Reading data from a data source

You can read Cognos Analytics data in a notebook using the Python or R programming languages.

You can read the following types of Cognos Analytics data sources in a notebook:
  • Uploaded CSV or XLS files
  • Data sets
  • Data modules
  • Framework Manager packages, including OLAP data
Note: Cognos Analytics does not support reading from data that requires user input. For example, a query subject in Framework Manager with a parameterized filter.
To quickly insert the read_data() method in a notebook cell, do the following steps:
  1. Create or edit a notebook and position your cursor in the cell after which you want to do the read.
  2. Click Sources sources icon.
  3. Navigate to a data source, select it, and then click Open. The method is inserted in the cell with the data source to read specified.
Alternatively, you can type the code in a cell:
In Python
data = CADataConnector.read_data(parameters as described in the following sections)
One of the following items is returned from the method:
DataFrame
Returned by default.
List of DataFrame
Returned when the sheet_name parameter is specified and multiple sheets are requested.
Iterator of DataFrame
Returned when the chunksize or iterator parameter is specified.

Parameters common to all data sources

For examples of how to code the read_data() method, see Python notebook examples.

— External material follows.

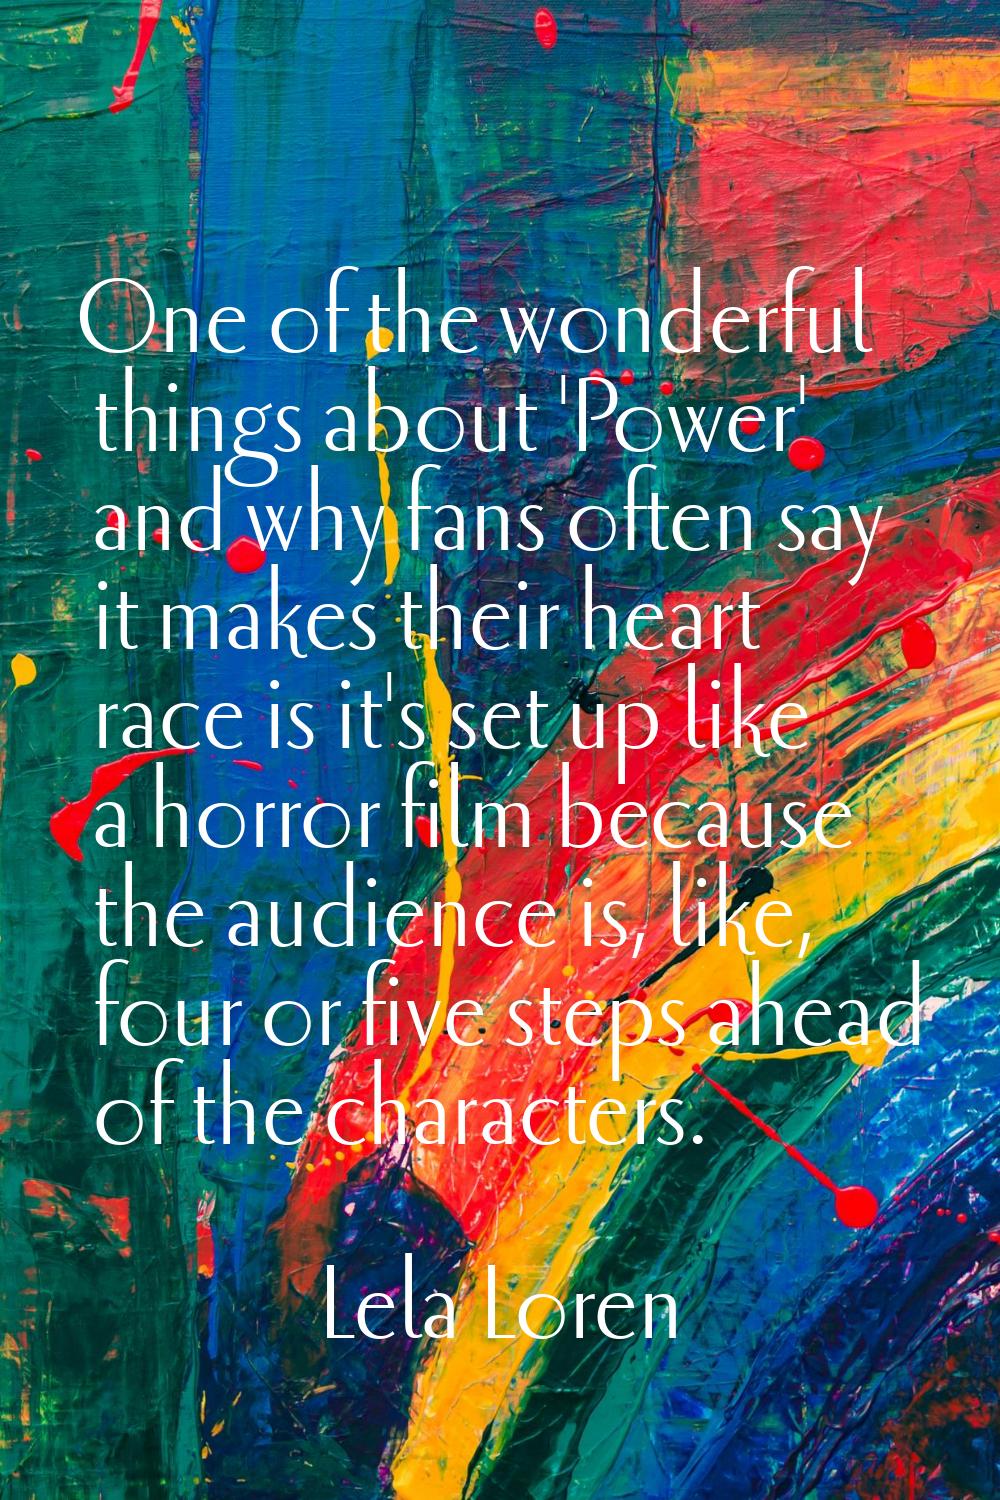 One of the wonderful things about 'Power' and why fans often say it makes their heart race is it's

The following parameters can be specified for all supported data source types:
Parameter Required or optional Description

path

id

Specify one of path or id
Path to the data source. If the data source is in My content, specify .my_folders at the start of the path. If the data source is in Team content, specify .public_folders at the start of the path. For example, to specify a file called sales-notebook that is stored in My content, specify
path=".my_folders/sales-notebook"
The ID of the file. For information about how to get the ID of a file, see Finding the ID of a file. For example:
id="i1F8D76C0FAD34J9CA50118746935D9X7"
usecols optional
List of integers or strings that identifies a subset of columns to be returned. You can specify one or more columns by the position number of the column in the file or by column name. For example, to request columns City and Quantity, specify
In Python
usecols=["City","Quantity"]
If not specified, then all columns are returned.
Note: This parameter is not applicable for OLAP data in a Framework Manager package.
chunksize optional
An integer. If specified, the method returns an iterator. The value specifies the number of rows to return each time the method is invoked. For example, to return 3 rows, specify
chunksize=3

If both chunksize and iterator are not specified, then a DataFrame is returned.

iterator optional
If specified, the method returns an iterator. Specifying
iterator=True
without chunksize specified returns one row each time the method is invoked.

Specifying iterator=True with chunksize specified, returns chunksize rows each time the method is invoked.

Reset the iterator using the reset method:
In Python
iterator.reset()
method.
nrows optional

The maximum number of rows returned. Specify an integer.

If omitted, the maximum number of rows returned is 10,000. If
nrows=0
is specified, then the column headings are returned.

XLS file parameters

Uploaded files are treated as sheets of data. Reading one of these data sources returns the rows for the specified sheet of data in the data source.

The following parameter applies only to XLS files:
sheet_name
Optional. Integer, string, or a list of integers or strings. Specifies the integer position of a specific sheet or tab in an XLS file. The first sheet is 0. If you specify a list of strings or integers, then a list of the corresponding sheets is returned. If not specified, the value defaults to 0. Example:
In Python
sheet_name=["sheet2","sheet3"]

Data module parameters

Reading data from a data module must reflect the modeling done on the data source. For example, a join between two tables and aggregation types to apply.

The following parameters apply only to data modules:
Parameter Required or optional Description
table_name Optional

String or list of strings. Restrict the scope of the request to specific table(s) in the data module. Specify the table(s) by table name(s).

If you omit table_name, the read_data() method returns a DataFrame that contains the names of the tables defined in the data module. Example:
In Python
table_name=["table1","table2"]
calculation Applies to version 11.1.5 and subsequent versions unless specifically overridden. Optional String or list of strings. Read a calculation from a data module. Specify a calculated column in the data module.

Package parameters

Reading data from a package must reflect the modeling done on the data source. For example, the relationship between objects in the package.

The following parameters apply only to packages:
Parameter Required or optional Description
query_subject Optional String or list of strings. Restrict the scope of the request to the specific query subjects(s) in the package. Specify the query subject(s) by query subject name(s). Example:
query_subject="query1"
folder_name Optional String or list of strings. Restrict the scope of the request to a folder in the package. Displays the contents of all folder(s) with that name in the package. If you want to see only the content of folder c that's in folder b that's in folder a specify the folder_name parameter as a list:
In Python
folder_name=["a","b","c"]
This returns only the folder c in this path, even if there are other folders with the name c in the package.
metadata Optional. Applies only to OLAP data in a Framework Manager package. Value can be True or False.
Specifying
metadata=True
returns the query subjects in the package. Specifying
metadata=False
returns the data in the package. If not specified, then a default value of False is used.
Note: You can use either single or double quotation marks in a method but not a mix of both.